Though since the search engine doesn't really apply much in terms of domain authority, this doesn't rank very highly, the websites that talk about Ezra Klein rank higher.

[1] https://marginalia-search.com/search?query=site%3Anytimes.co...

marginalia_nu•3mo ago
The point of Marginalia Search, as far as there is one, is mostly to complement the bigger search engines by providing tools to find obscure stuff that's drowned out elsewhere, mostly by offering a bunch of filters.

It's not a google replacement, and if you already know what you're looking for then it's probably not the right tool.

Maybe you're looking for mechanical keyboard discussions, then maybe a search for "mechanical keyboard" in the Blogs or Forums filters will provide results you are into.

It's also pretty good at unearthing weird stuff.

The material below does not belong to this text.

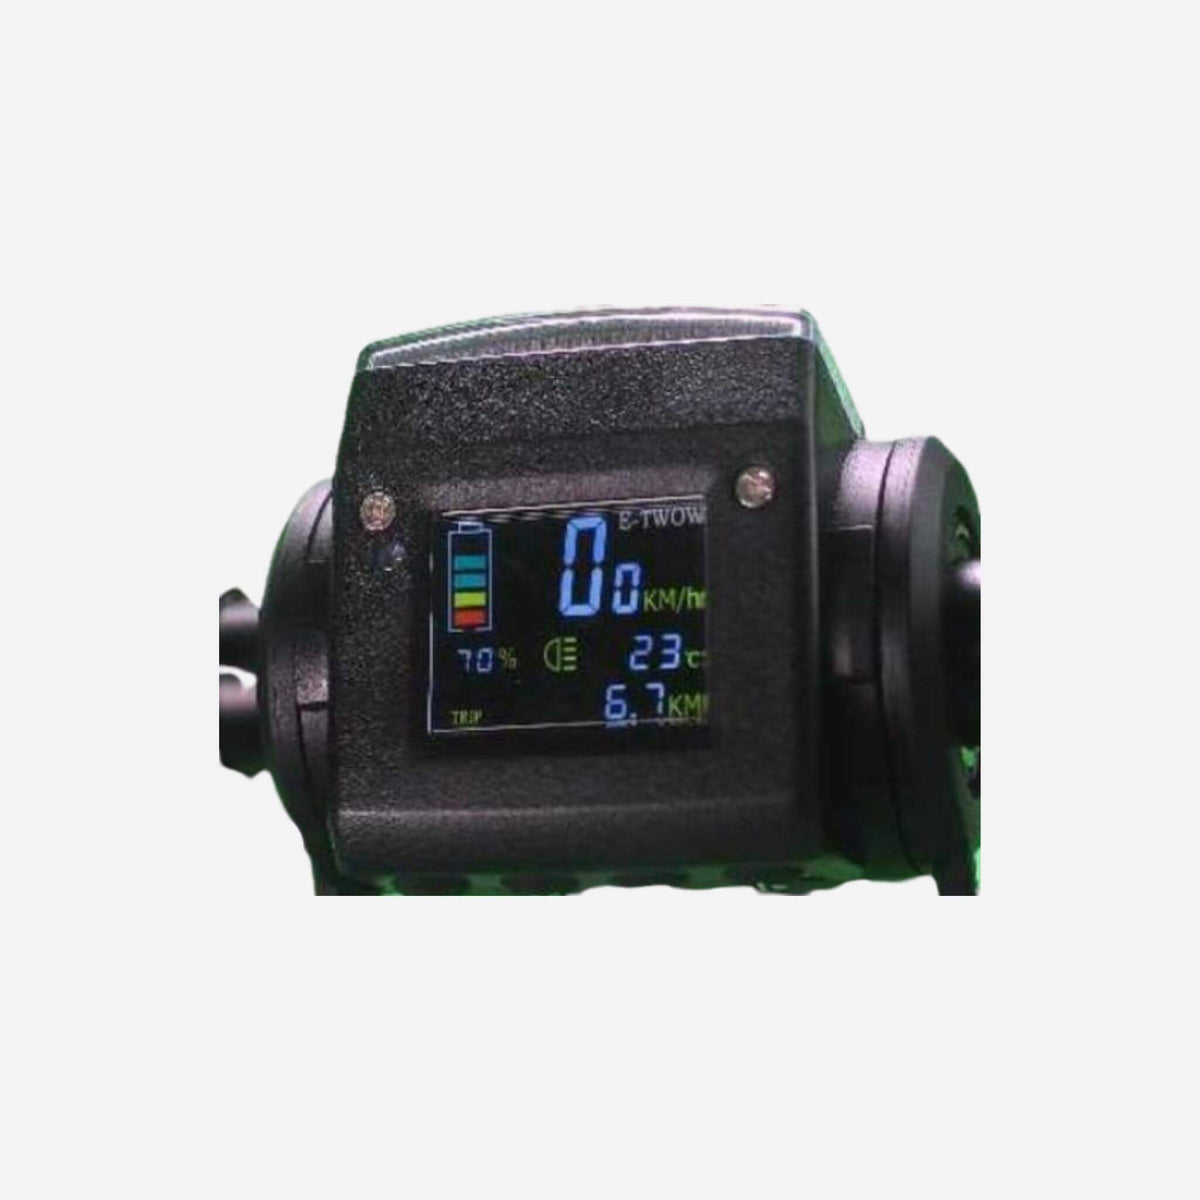 Display LCD para E-Twow GT - Ecosmart Riders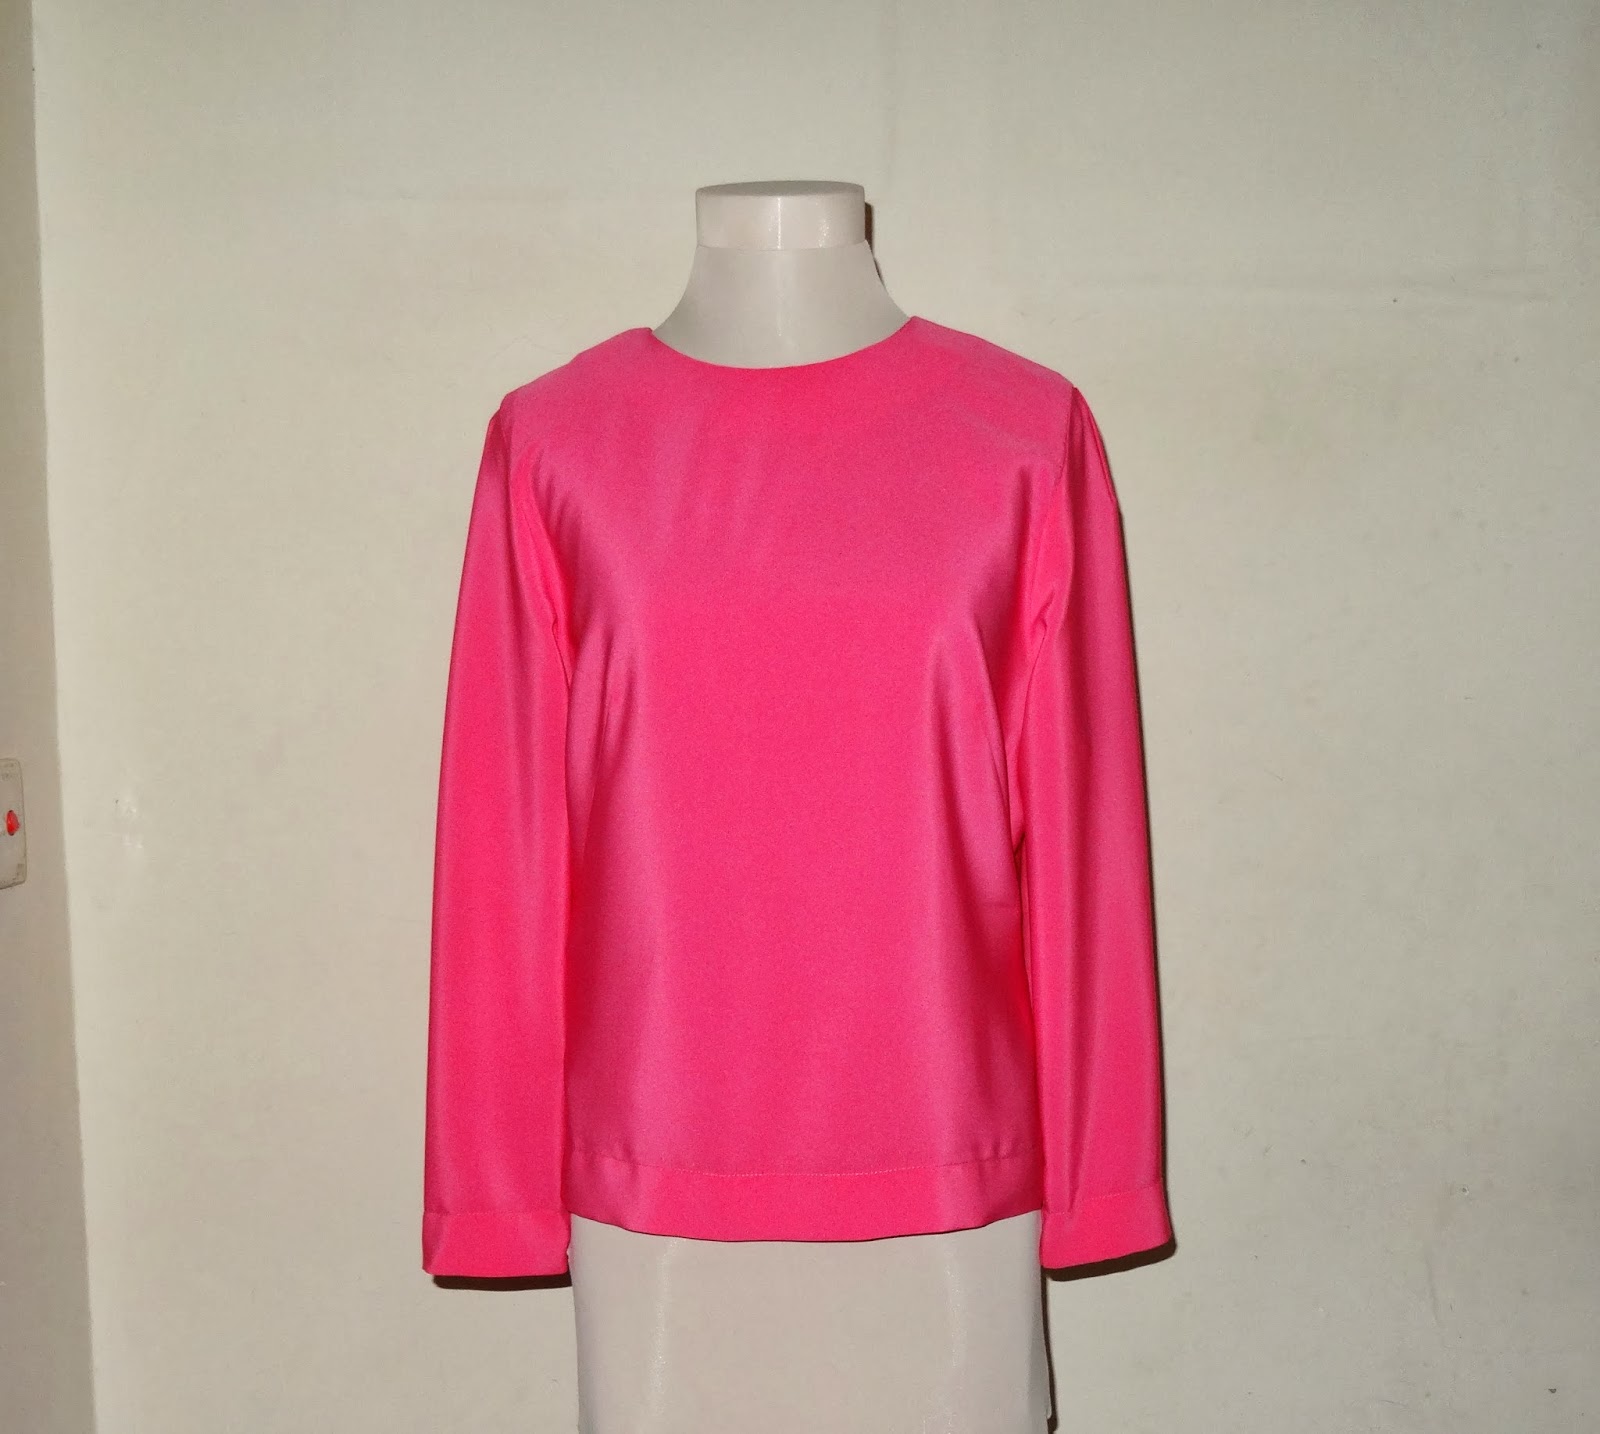 Finished February Garment - Pink Blouse

Say you want to read up on Jack Parsons[3], that Jet Propulsion Lab guy who dabbled in occultism, fell in with Alistair Crowley and then got scammed out of his wealth by L Ron Hubbard, and finally blew himself up, well that is the sort of topic Marginalia Search generally excels at.

[1] https://marginalia-search.com/search?query=mechanical+keyboa...

[2] https://marginalia-search.com/search?query=mechanical+keyboa...

[3] https://marginalia-search.com/search?query=Jack+Parsons&prof...

iamnothere•3mo ago
It’s for finding results that are less common or more unlikely to appear on other engines, so your results make sense. Why would you need yet another link to an NYT article? That space is crowded. Every engine will find it.

Where it particularly shines is finding highly specific results that get buried in other search engines. Some topics (particularly topics of high commercial interest) have become impossible to research on mainstream search engines. Marginalia will actually find informative articles about these topics rather than page after page of product results and spam.

It may not be useful to you if you’re not a researcher, writer, or someone who often needs to dig deeply into subjects beyond the level of common knowledge.

atombender•3mo ago
> Thankfully the BM-25 model used in ranking is robust to this, as it relies on live data from the index itself.

I'm confused by this. TD-IDF incorporates the term frequency (the IDF part), which search engines precompute for the index as a whole. But so does BM25; its IDF formula is slightly different, but also relies on term frequencies. What's the difference?

marginalia_nu•3mo ago
The index has the most up-to-date term frequency information, but it is logistically inacessible, and it's not really practical to interrogate it when extracting keywords (as you need this information for 100 billion terms), so a somewhat stale version is kept in memory instead and used in that process.

When searching, doing BM25, it is a lot more accessible as you already fetch that information indirectly as part of looking up the documents lists, and this is typically only done up to about a dozen times per query.